README.md

April 5, 2025 · View on GitHub

Preparation

We train Key Frame Selector based on GLUS. Please follow GLUS_README to prepare data and train the GLUS model.

Data annotation

Please follow Evaluation section of GLUS_README to get inference masks and predicted ious on Mevis_train and Youtube_train. An example

scripts/inference.sh
python utils/eval_mevis.py \
  --mevis_exp_path='$GLUS_ROOT/data/mevis/train/meta_expressions.json' \
  --mevis_mask_path='$GLUS_ROOT/data/mevis/train/mask_dict.json'
  --mevis_pred_path='$GLUS_ROOT/generated'
  --iou_path='$GLUS_ROOT/data/train_iou/mevis'

Run this in and predicted ious of train dataset will be saved to iou_path.

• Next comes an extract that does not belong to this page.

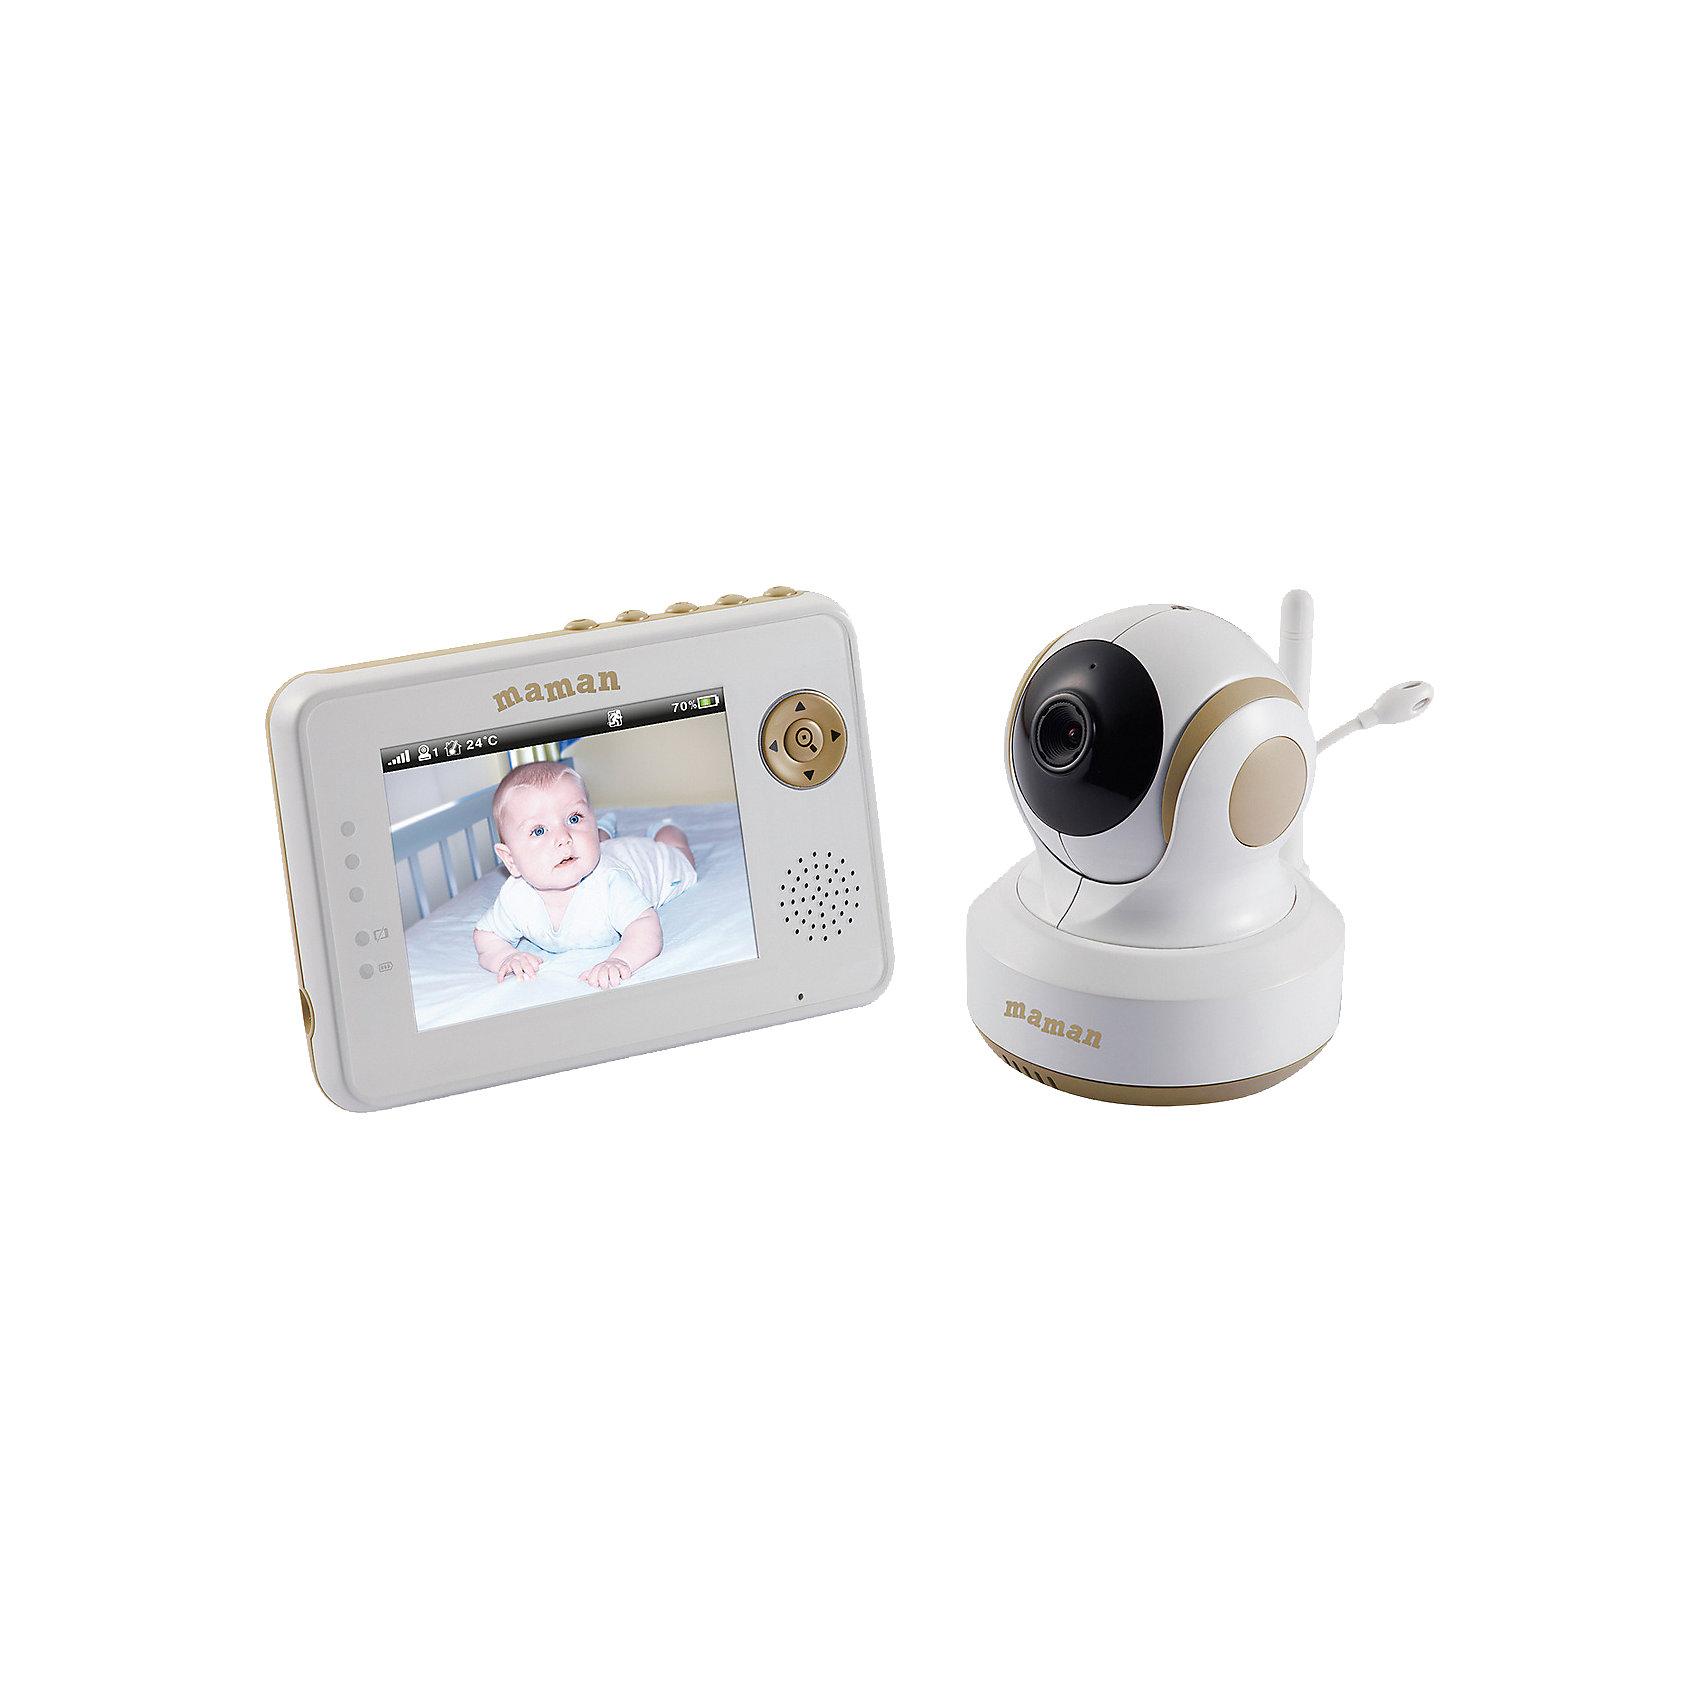 Видеоняня VM2502 MamanВидеоняня VM2502 Maman – это высокотехнологичная система для наблюдения за ребенком.<br>Видеоняня VM2502 Maman - это многофункциональная беспроводная система видеонаблюдения с функцией автоматического слежения и дистанционным управлением камерой с помощью кнопок монитора. Данная модель использует современную технологию передачи данных, которая позволяет избежать помех. Видеоняня позволит не только видеть и слышать вашего ребенка на расстоянии, но и поддерживать с ним двустороннюю связь. Таким образом, вы сможете своевременно обеспечить необходимый уход за малышом. Видеоняня представляет собой маломощное радиоустройство, передающее аудио- и видео-сигнал по радиоканалу в пределах помещения с дальностью действия до 150 метров на открытой местности. Питание камеры и монитора осуществляет от сети 220В. Монитор также может работать от аккумулятора. Имеется возможность настенного крепления камеры.<br><br>Дополнительная информация:<br><br>- В комплекте: камера, монитор, аккумулятор для монитора(Li-Ion, 1100 мАч), сетевой адаптер, комплект для крепления устройств к вертикальной поверхности, руководство пользователя<br>- Время заряда: 8 часов <br>- Цветной дисплей с диагональю 3,5 дюйма<br>- Режимы: «Обратная связь», «Ночное видение»<br>- Режим энергосбережения и голосовой активации<br>- Проигрывание колыбельных мелодий (3 мелодии)<br>- Измерение температуры в комнате<br>- Таймер кормления<br>- 2-кратное увеличение изображения<br>- Регулировка уровня чувствительности, звука, яркости<br>- Раскладные антенны<br>- Световая индикация низкого заряда батареи<br>- Индикация процесса зарядки аккумуляторной батареи<br>- Зажим для размещения на поясе<br>- Размеры: монитора - 120 x 80 x 25 мм, камеры - 105 x 100 x 85мм.<br>- Вес: монитора – 135 г., камеры - 220 г.<br>- Размер в упаковке: 260 x 250 x 130 мм.<br>- Вес в упаковке: 1035 гр.<br>- Гарантия: 1 год<br><br>Видеоняню VM2502 Maman можно купить в нашем интернет-магазине.<br><br>Ширина мм: 125<br>Глубина мм: 25

Use python kfs/utils/merge_folder.py to copy Mevis annotation and RefYoutube annotation into one folder.

Set the RVOS_ROOT in kfs/utils/dataset_config.py before next steps.

Model Weights

We use ChatUniVi as an init model. Follow the guidance to prepare for the pretrained weights of ChatUniVi:

  1. Download the pretrained weights of Chat-UniVi from Chat-UniVi-7b.
Then organize them in the following architecture:
WEIGHTS_ROOT
├── Chat-UniVi

We recommend to set WEIGHTS_ROOT to GLUS_ROOT/checkpoints.

Training

Set the paths in the scripts and then run kfs/scripts/train_kfs.sh. The scripts will automatically start the training, and transform the saved checkpoint into hugging-face format when the training finished.

Inference

Set the paths in kfs/scripts/inference_kfs.sh, and then run it. It will predict score for each frame in validation set and then choose the most confident (important) frame and save it in json files.

For final inference of RVOS task, please follow evaluation with key frame in GLUS_README.

Note:

  • We use intermediate saved checkpoint for data annotation (about 15-20 Epoch training of GLUS).
  • We only test KFS on Mevis and Ref-Youtube-VOS from GLUSS setting, feel free to test the pipeline on more dataset and models.

Todo list

  • Release KFS pipeline

  • Release KFS json for inference (GLUS_S)

  • Release KFS model checkpoint

Acknowledgement

This pipeline is built upon Chat-UniVi and VISA.